Email from a gay American navy veteran

Last week, the following email arrived in my inbox:

Dear GB,

I'm sending you this email to ask for some advice. My name is Robaire Watson and I've been living in the San Francisco Bay Area for 19 years. I spent 6 years in the Navy as an openly gay military man from 1989 to 1995.

Now, I've spent the last year sending out over a 1000 emails and mailing at least 200 letters, asking gay & straight organizations, magazines and media about allowing me to tell my story. When it comes to "Don't Ask, Don't Tell" I want to be the first black man to have his story told by the media. (Boy! Do I have a story to tell.)

I'm starting to feel like, since I don't look like Jake Gyllenhaal and I'm not under 30 years old or have the body of Colton Ford, they're not interested! We in the gay community have our own racial and discrimination issues. We need to be honest with ourselves and admit this is true. I'm like Rosa Parks and I refuse to sit at the back or to be thrown under the bus.

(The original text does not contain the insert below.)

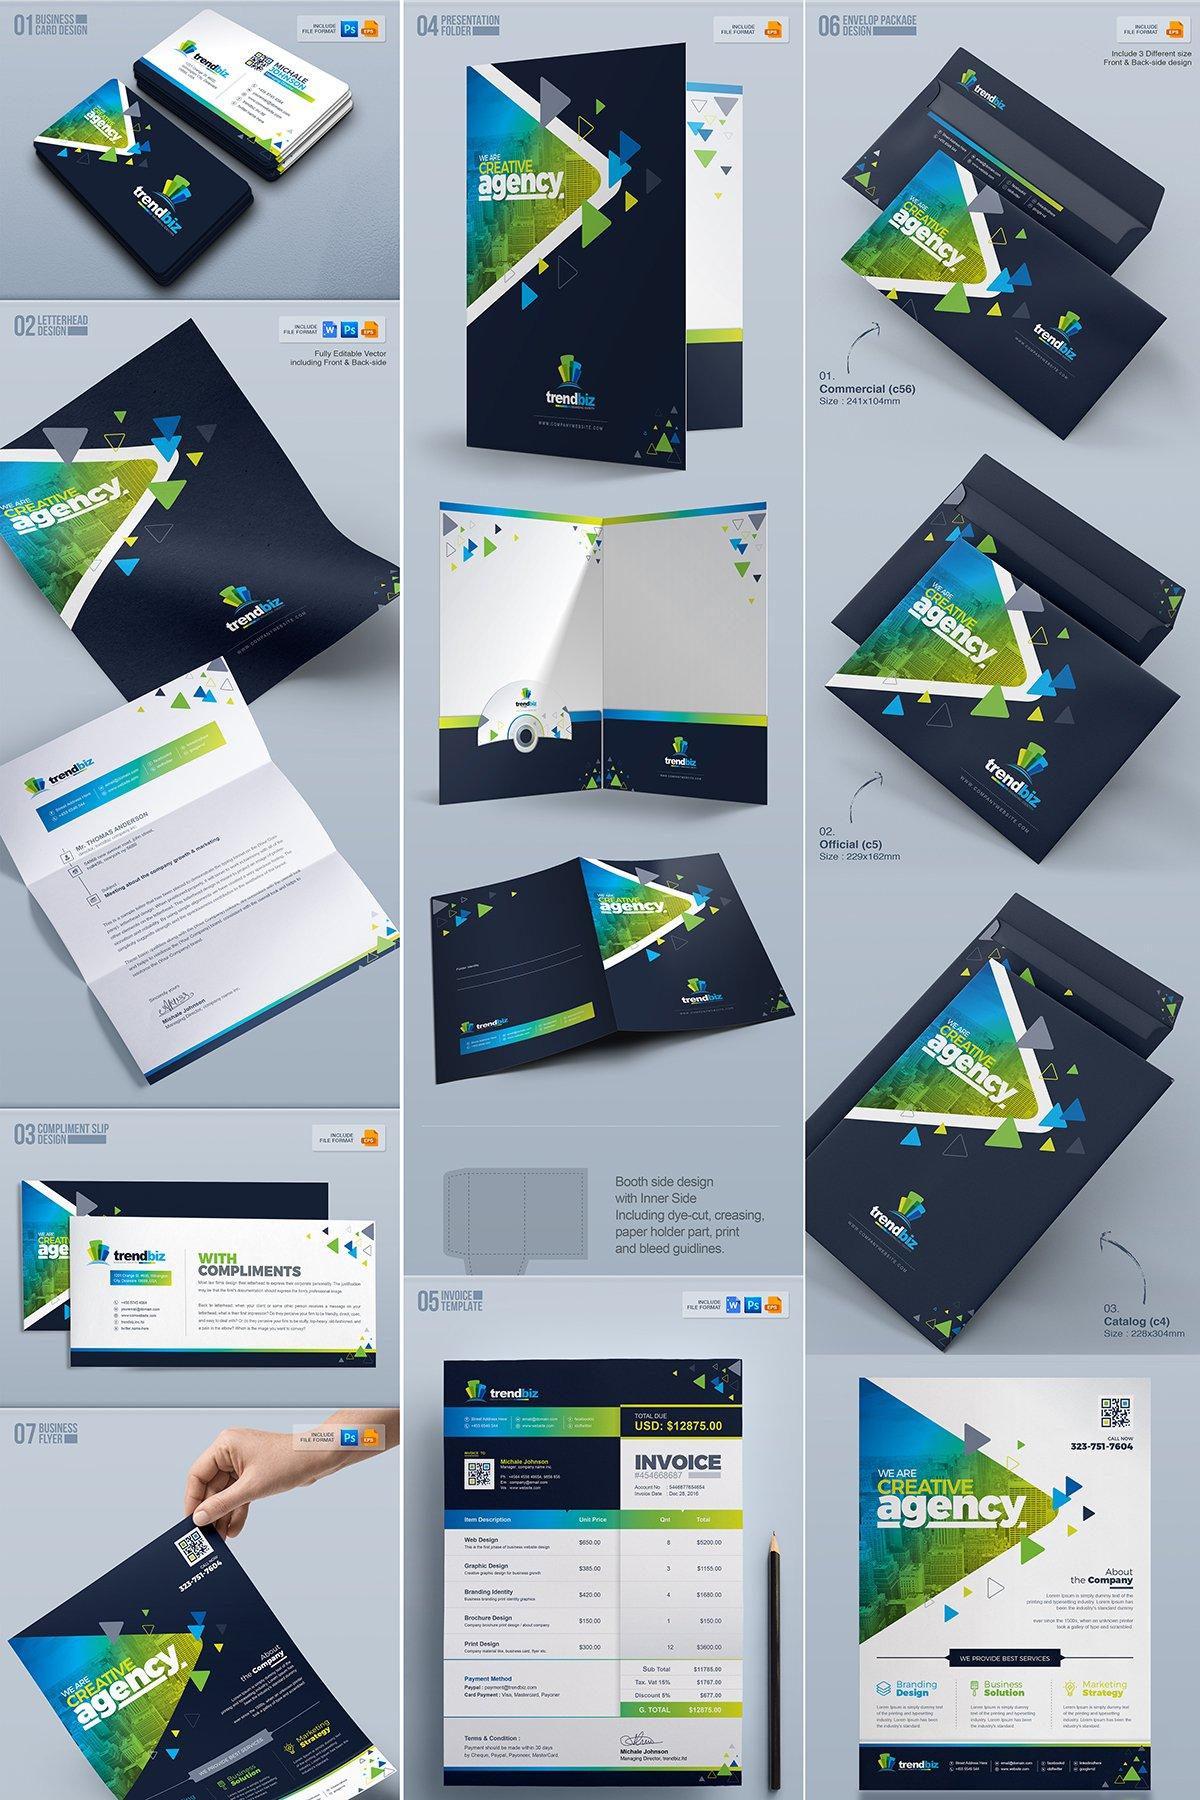 Stationery Branding Identity Bundle - $39 - 02 Business mega stationery branding identity design

Can you advise me on how a black gay military veteran can have his story told? You can read a bit of my story by following this link?

Thank you,


The interesting thing about Robaire is that he seems to have been an out gay guy in the navy both before and after the infamous "Don't Ask, Don't Tell" policy was introduced, so I replied to him with a couple of ideas. One thought was to contact a media organisation that I know that focuses on gay politics, and the other idea was for him to simply start a blog and gradually post his story from one day to the next. Do any readers have any other ideas for him?

I recall that in the UK, it was during the 1990's that the ban on gay people serving in the armed forces was lifted. With so many other countries allowing it these days, the "Don't Ask, Don't Tell" policy does make the USA look very old fashioned.

I think one of the reasons by a ban on gay people serving in the armed forces is bad is because armed forces recruit lots of guys as soon as they leave school, so it's quite likely that some guys won't have worked out that they're gay when they sign up. I imagine that the trauma of gradually realising that one is gay while in a hostile environment could be quite devastating. If it wasn't for that, I'd think that it's madness for anyone to want the right join the armed forces and hence the right to die for one's country, because that's what being in the armed forces can ultimately mean.

If all the gay guys in the American military were to 'tell' and get themselves discharged, I wonder how long it would be before the policy was changed? Just like a parent dealing with a naughty child, sometimes the best way to get what you want can be to seem to seek the opposite!